An increased 24-h blood pressure variability, expressed as SD of 24-h average ambulatory blood pressure values, is associated with target organ damage and cardiovascular risk in hypertension, while a physiological nocturnal blood pressure fall has been associated with reduced cardiovascular risk. Nocturnal blood pressure fall, however, may contribute markedly to the overall blood pressure variability. The aim of our study was to quantitatively assess the contribution of nocturnal blood pressure fall to 24-h blood pressure variability, and to propose a new method for computing 24-h blood pressure variability correcting for nocturnal blood pressure fall. From a large database of ambulatory blood pressure recordings obtained in two hypertension centres (Milan, Italy and Krakow, Poland), we selected 1995 recordings of a sufficiently high quality (> or =70% valid readings, > or =1 measure/h). We calculated (1) blood pressure variability, as SD of 24-h mean blood pressure, both directly from all 24-h individual readings and as a weighted mean of separately computed daytime and night-time blood pressure SD; and (2) the size of nocturnal blood pressure fall. The weighted mean SD of 24-h blood pressure was significantly lower than the corresponding direct 24-h SD of blood pressure. The size of the difference between direct SD and weighted mean SD was strongly correlated with the absolute size of nocturnal blood pressure fall (SD: r=0.89 and 0.86 for systolic and diastolic blood pressures, respectively, P<0.001 for all). The 24-h SD of blood pressure is markedly influenced by the size of nocturnal blood pressure fall, while the weighted mean SD is not. The inclusion of nocturnal blood pressure fall in the calculation of 24-h blood pressure variability may thus lead to the overestimating of this phenomenon. Given that blood pressure variability and fall at night may have opposite prognostic significance, it may be advisable to calculate 24-h SD as the weighted mean of daytime and night-time values, which excludes the interference of night-time blood pressure fall on overall blood pressure variability and allows a more precise assessment of the clinical value of 24-h blood pressure variability. The actual clinical relevance of this new parameter has to be assessed by longitudinal outcome studies.

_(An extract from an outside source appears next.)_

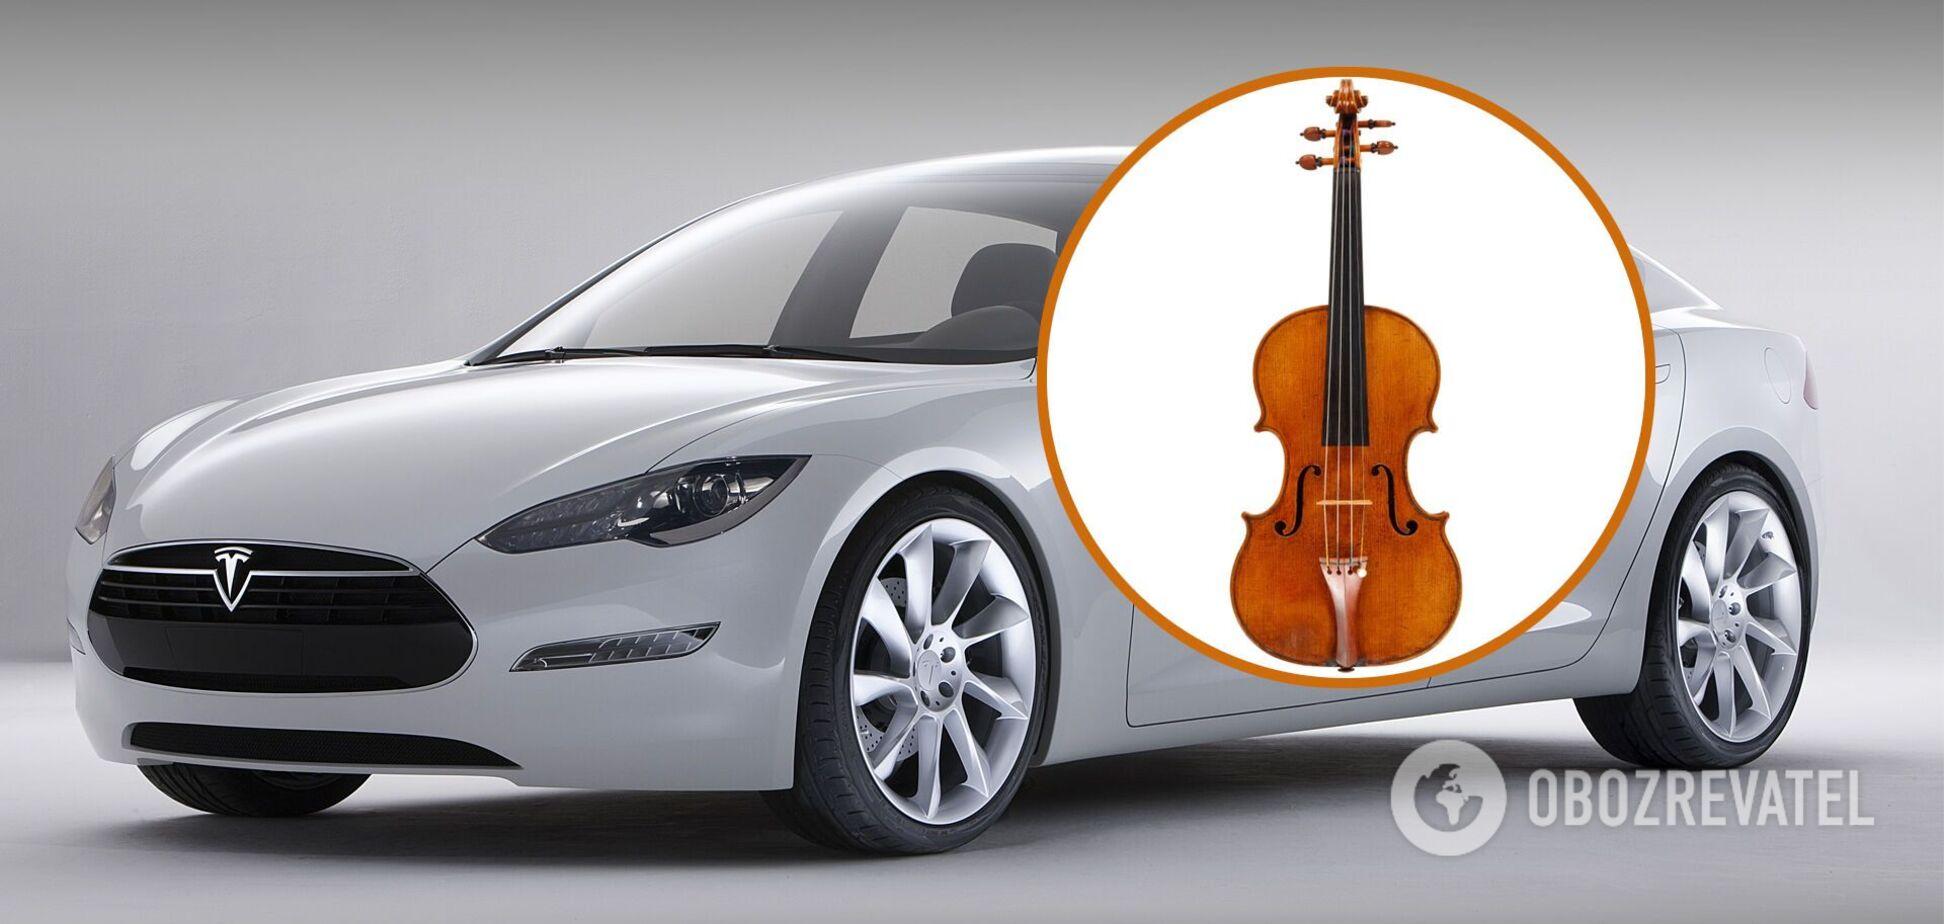 В США похищена Tesla с уникальной скрипкой Амати за $500 тыс.

Assessment of overall blood pressure variability and its different components.

Blood pressure (BP) is characterized by continuous fluctuations, including fast changes lasting only a few seconds as well as slower and more prolonged variations, with a time constant of minutes or hours. Assessing the relative contribution of these different components to overall blood pressure variance is now possible through a number of mathematical approaches, either in the time or in the frequency domain (spectral analysis). Due to its complex nature, a precise and detailed assessment of blood pressure variability can be obtained only from the analysis of continuous, beat-by-beat, blood pressure recordings. Some information, however, can also be derived from analysis of discontinuous blood pressure tracings, such as those commonly performed in a clinical setting. This would require that attention is paid both to the quality of the recordings and to the selection of suitable analysis methods that should cope with the discontinuous nature of the measurements to be processed and to their intrinsic low sampling frequency.